— Да ты что, Митя? За что?
— А за то, что он спер казенную брошку и навесил тебе на шею. Вот за что. Вот только на что она ему понадобилась?..
— Так там камушек… — обмолвилась Чугуева и прикусила язык.
— А-а, камушек! Ясно. Осип на тебя навесил, а ты вынесла. Так?
— Прости, Митя.
— Да чего тут прощать? Ты в этом деле завязла не по корысти, а по глупости. Все ясно. Осип плановал подвеску загнать, а камушек-то оказался — стекляшка. Вот он тебе и подарил ее от всего сердца… Так?
Чугуева молчала. Каждая минута молчания все более разоблачала ее приятеля, но она так растерялась, что не могла прибрать слова к слову.

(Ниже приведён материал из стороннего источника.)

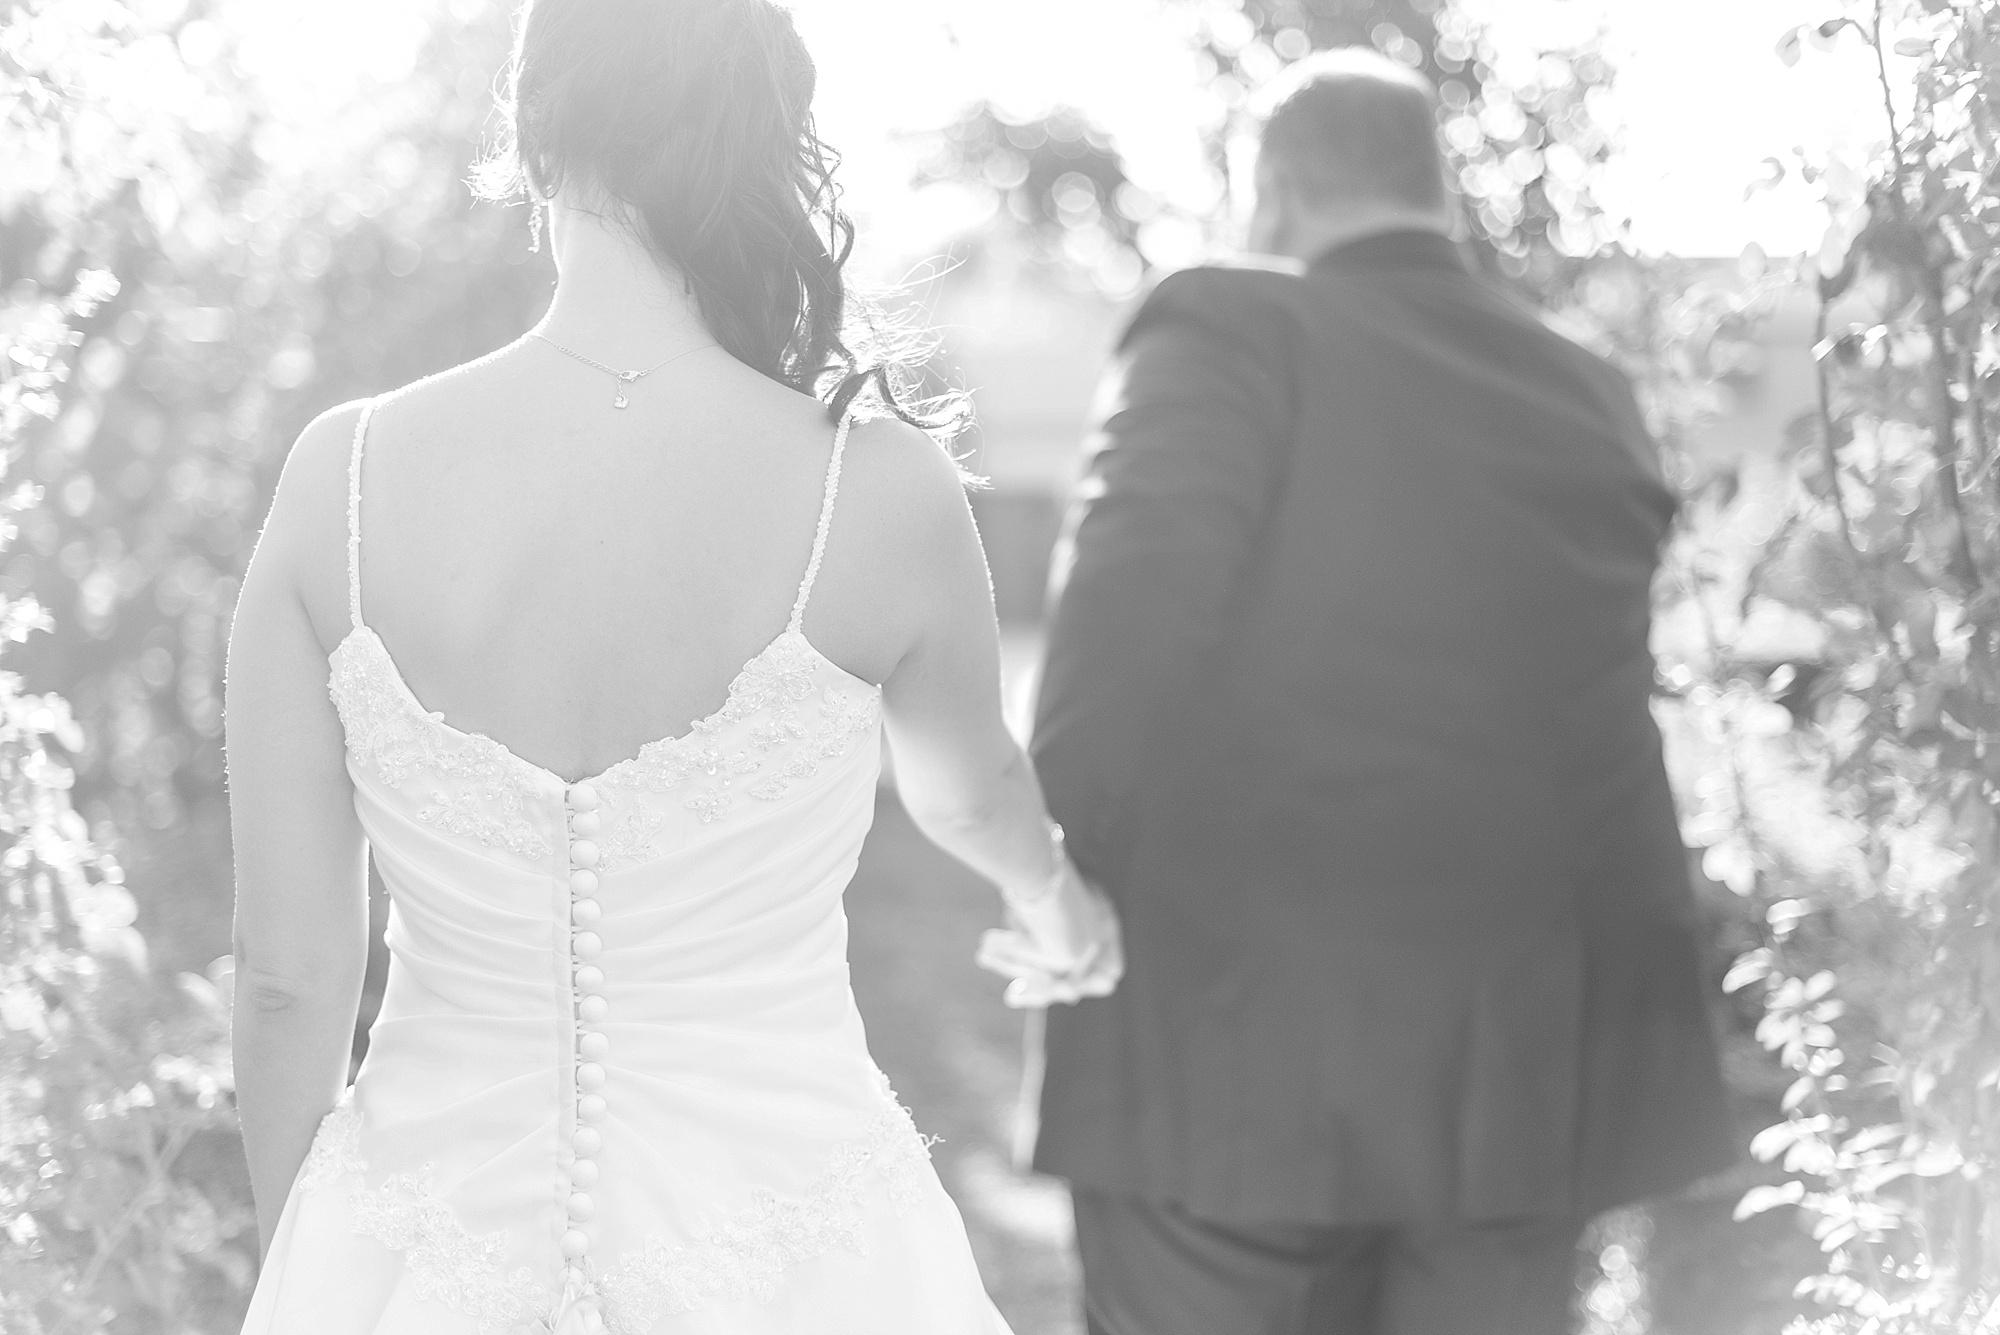 Darren-Bester-Cape-Town-Wedding-Photographer-The-Royal-Portfolio-La-Residence-Franschhoek-Shirley-and-Andre_0125.jpg

— Давай вот что, — подытожил Митя. — Поставим этот вопрос на сменном собрании. Чтобы тебя не посчитали соучастницей, проси слова и давай фактами его по носу, ворюгу. Он у меня вот где сидит… Самое время расквитаться. Договорились? Все.

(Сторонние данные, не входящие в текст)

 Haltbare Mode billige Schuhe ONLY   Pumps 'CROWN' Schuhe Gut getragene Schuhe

Чугуева медленно направилась к двери. Слушаться бригадира было непреложным законом проходчиков. Она понимала, вольной жизни ей оставалось три дня. Через три дня соберется смена, и разоблачения Осип не стерпит. Она уже слышала его ржавый голос: «А ты скажи товарищам комсомольцам, откуда ты сама-то явилась… Позабыла, кто ты такая? Напомним…» У нее потемнело в глазах. Она потопталась у дверей, спросила:
— А промолчать нельзя, Митя?
— Почему нельзя? Можно, — с готовностью откликнулся комсорг. — Не хочешь кавалера выдавать, бери письмо и ступай в Академию наук. Вот так вот.
— Пошто?
— А там обсядут тебя академики, а ты им разъясни, как боярыня-покойница из гроба встала, погнала вагонетку и обронила серьгу у поворотного круга. Ступай!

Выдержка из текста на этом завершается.